David Simon, chairman and chief executive officer of Simon Property Group
Patrick T. Fallon | Bloomberg | Getty Images

Starbucks and Amazon-owned Whole Foods are the latest victims of retail landlords pushing back against companies shuttering stores and trying to bypass contractual agreements.

Recently, the largest U.S. mall owner, Simon Property Group, claimed a high-profile victory in court over Starbucks, which was planning to close 77 of its Teavana stores across Simon's properties. Starbucks previously announced this summer it was planning to shutter all Teavana locations by the spring of 2018, as they were dragging down Starbucks' overall financial performance.

However, an Indiana judge has ruled in Simon's favor, preventing the coffee giant from closing 77 doors or facilitating any "going out of business" or similar sales, court documents reviewed by CNBC showed.

The lease agreements Starbucks originally signed with Simon for the Teavana brand require the tenant to be "open and operating during normal business hours." Some of those 77 leases still extend for up to another decade.

"We are disappointed in the judge's ruling," a Starbucks spokeswoman told CNBC. "Our focus continues to be on finding a resolution."

Then, on Thursday, a Washington court issued a similar ruling against grocery chain Whole Foods, which recently shuttered one of its 365-branded locations in a Bellevue, Washington shopping center, giving that landlord and other surrounding tenants little-to-no notice.

The lease that Whole Foods signed with "Bellevue Square LLC" in 2015 required the grocery chain to carry on business "without interruption" for the first 10 years of the contract.

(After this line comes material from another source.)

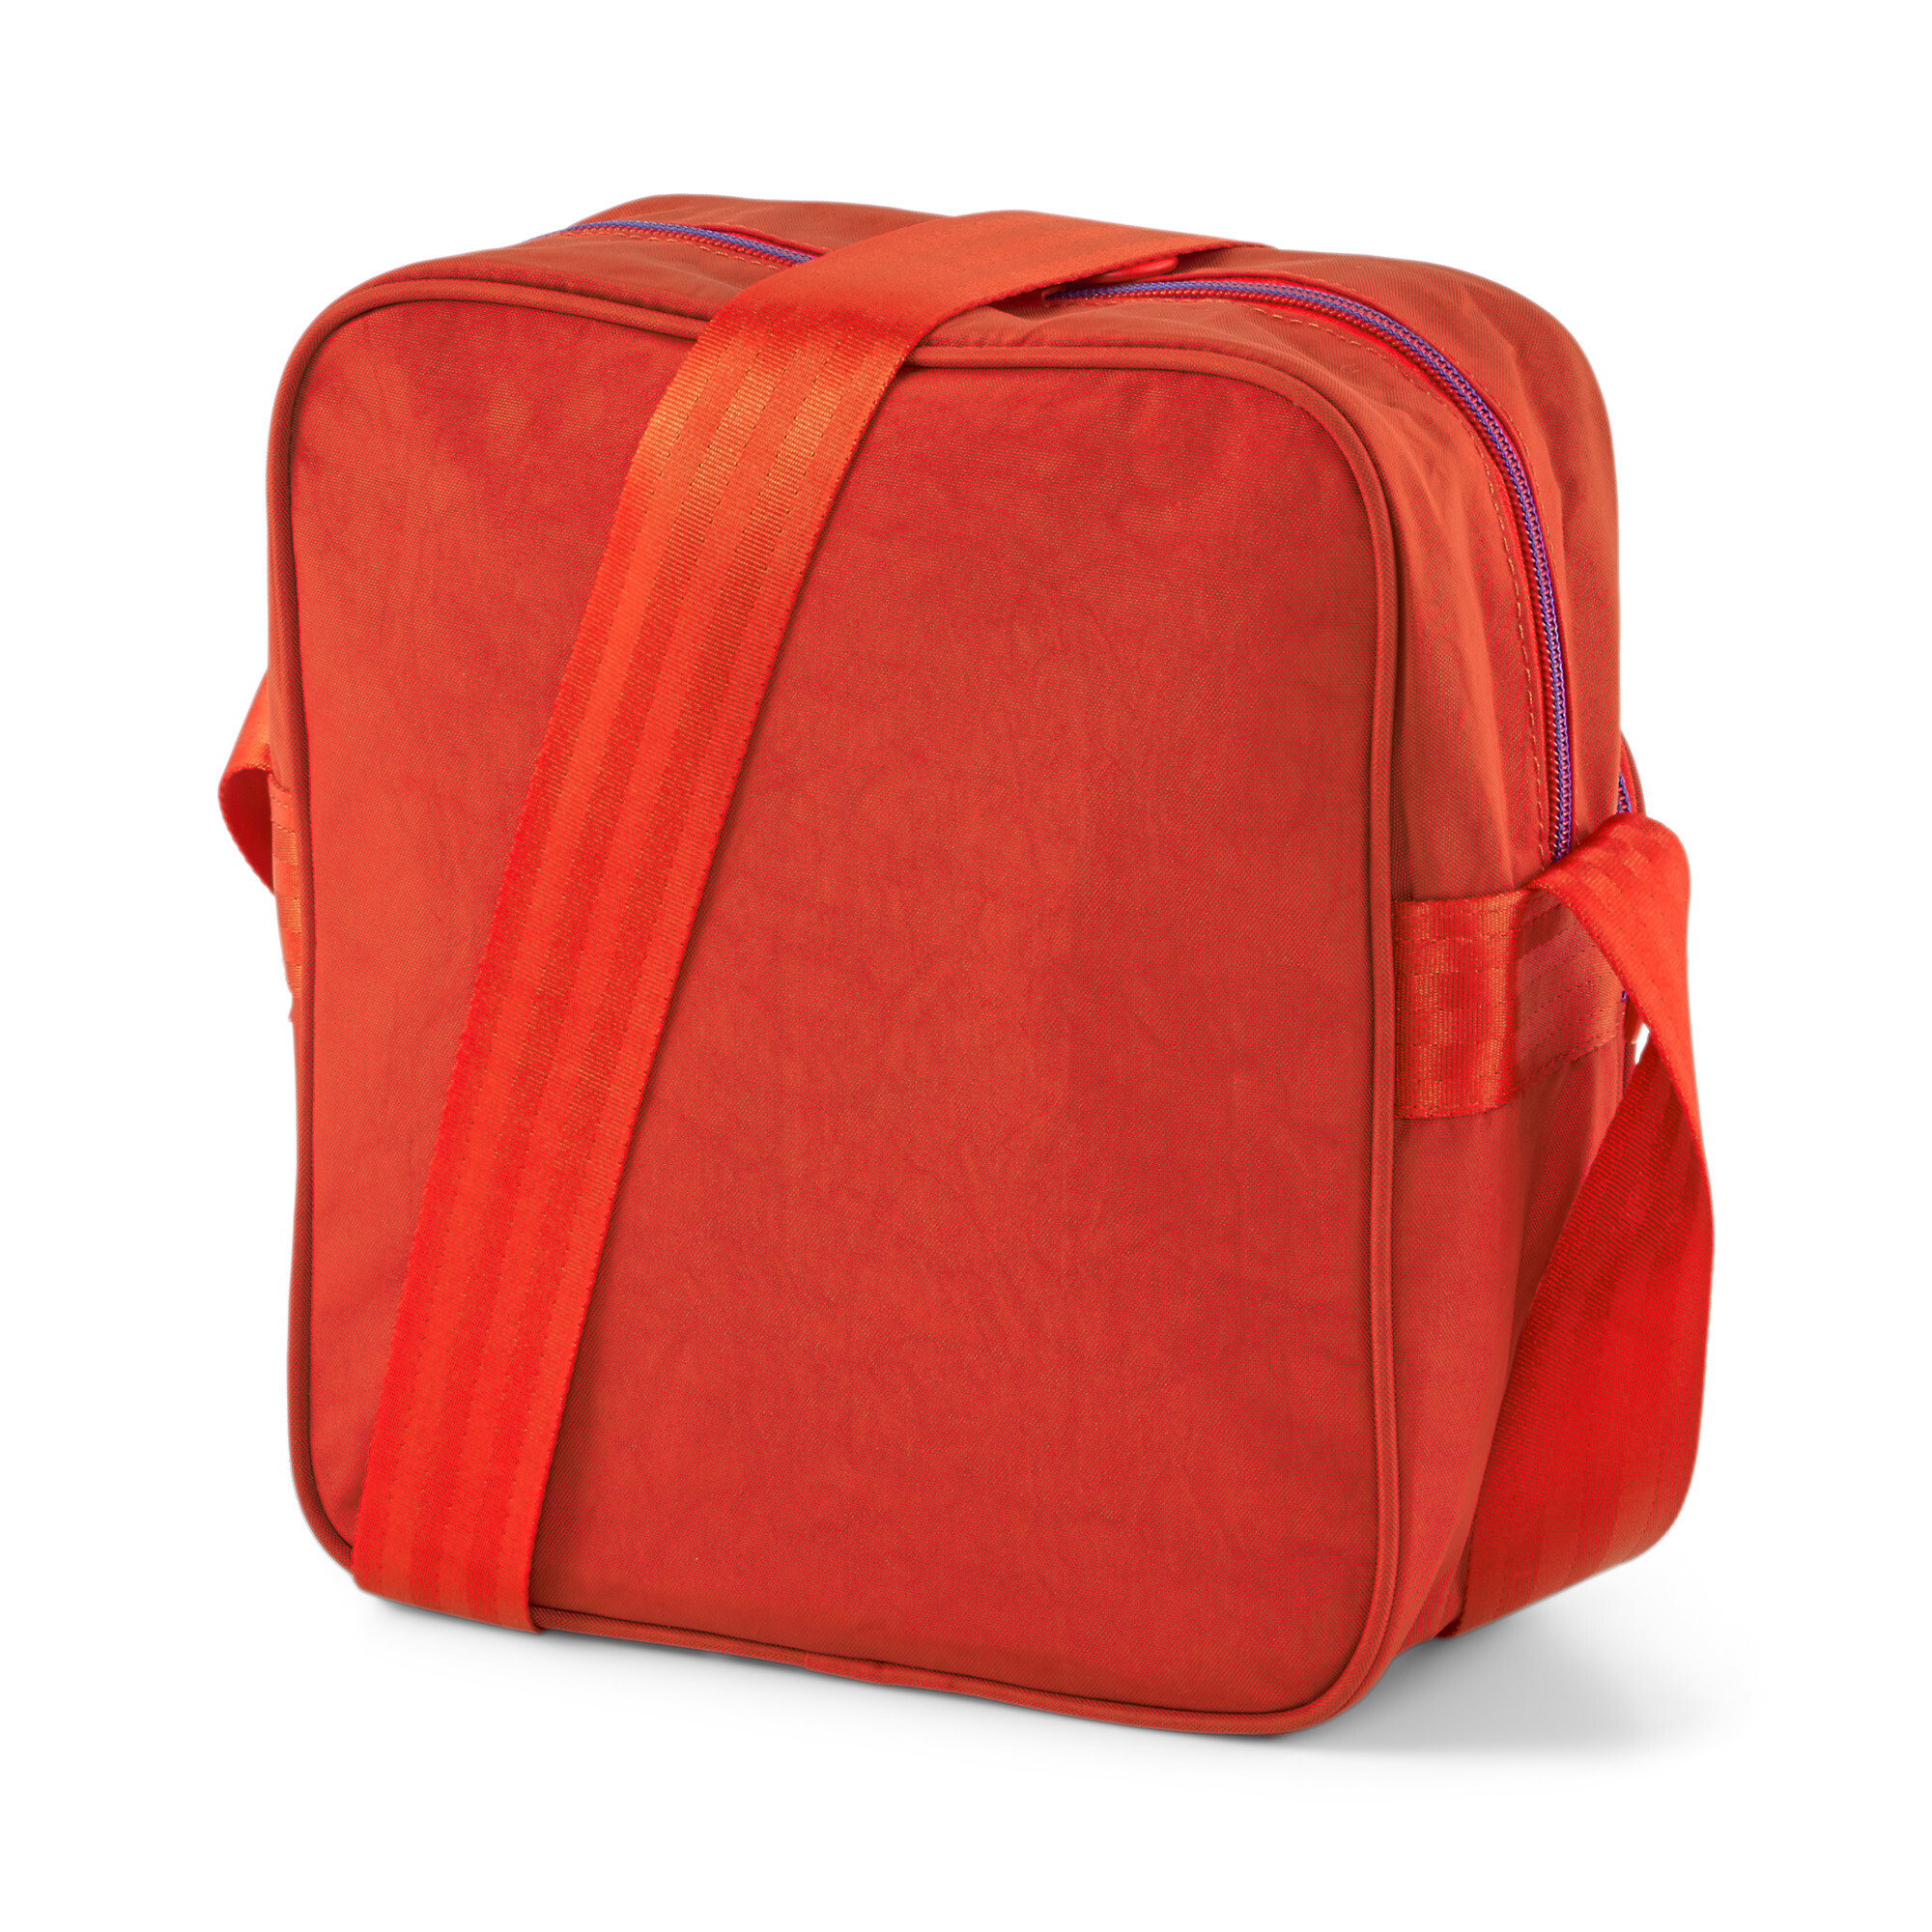 Men's PUMA Fast Track Portable Bag In Red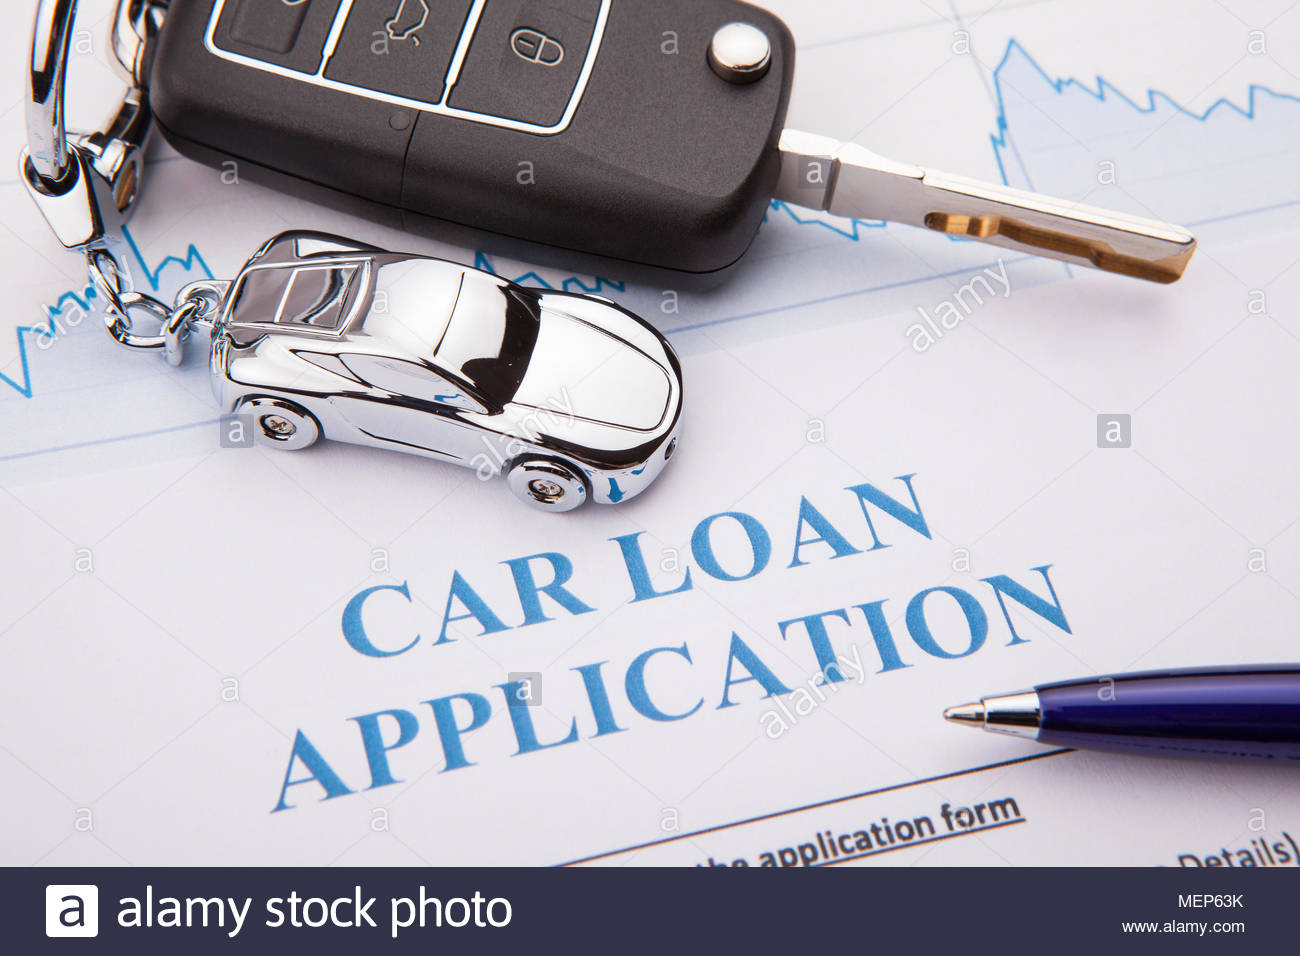 Car Loan Application Form Lay Down On Desk Stock Photo 181196615

But Whole Foods moved quickly in October to close down that 365 store, neglecting its obligations and citing "site challenges" and underperformance.

Kevin Johnson, CEO of Starbucks at the opening of the Starbucks Reserve Roastery in Shanghai, China on Dec. 5th, 2017.
Justin Solomon | CNBC

The Washington court documents read: "On October 12, 2017, Whole Foods informed its customers via email that it intended to vacate the Leased Premises on October 14, 2017. This is how Bellevue Square learned of the closure."

The landlord added it was personally notified by Whole Foods about the store closing only 15 minutes before the grocery chain kicked off its final liquidation sale. Now, though, the company is being ordered to reopen in Bellevue.

A representative from Whole Foods didn't immediately respond to CNBC's request for comment.

While these kinds of disputes between a tenant and a landlord aren't unusual, they don't typically reach a court and are commonly settled with a big cash payment from the fleeing retailer or other occupant.

"Often in this context the parties will negotiate a mutually acceptable restructuring of the lease obligations, or a consensual lease termination, since a tenant whose business is not fully focused on growth and success, and whose brand is not a positive contributor to sales and traffic, is not in the interest of the landlord or other tenants," Andy Dunn, a partner in Gibson, Dunn & Crutcher's Real Estate Practice Group in New York, told CNBC.

"I'd assume that there are facts not evident from the decision that make the resort to court an unusual result, particularly given the clarity of the law in this general area, rather than a harbinger of new developments in retail operating covenants," Dunn added about the ruling against Starbucks and in Simon's favor.

Carlo Allegri | Reuters

Though they're less common in nature, these rulings could prompt more retail landlords to flex their legal muscle, especially as more companies choose to restructure and shutter stores rather than go bankrupt altogether.

A bankruptcy scenario would play out differently, as tenants are able to wiggle their way out of leases when a company becomes insolvent.

In a unique situation last year, mall owners Simon and General Growth Properties won an auction to purchase teen apparel retailer Aeropostale after it filed for Chapter 11 bankruptcy protection, making a bid to avoid having to fill more than 200 vacant stores. The two companies have since managed to salvage the Aeropostale nameplate.

To be sure, Starbucks and Whole Foods are both still financially stable. Both brands are growing across the U.S. and overseas, which gives real estate owners more reason to claim their departures are wrongful.

"Mall owners typically have operating clauses in leases that protect them from such situations like Teavana and are enforceable when push comes to shove," Boenning & Scattergood analyst Floris van Dijkum told CNBC.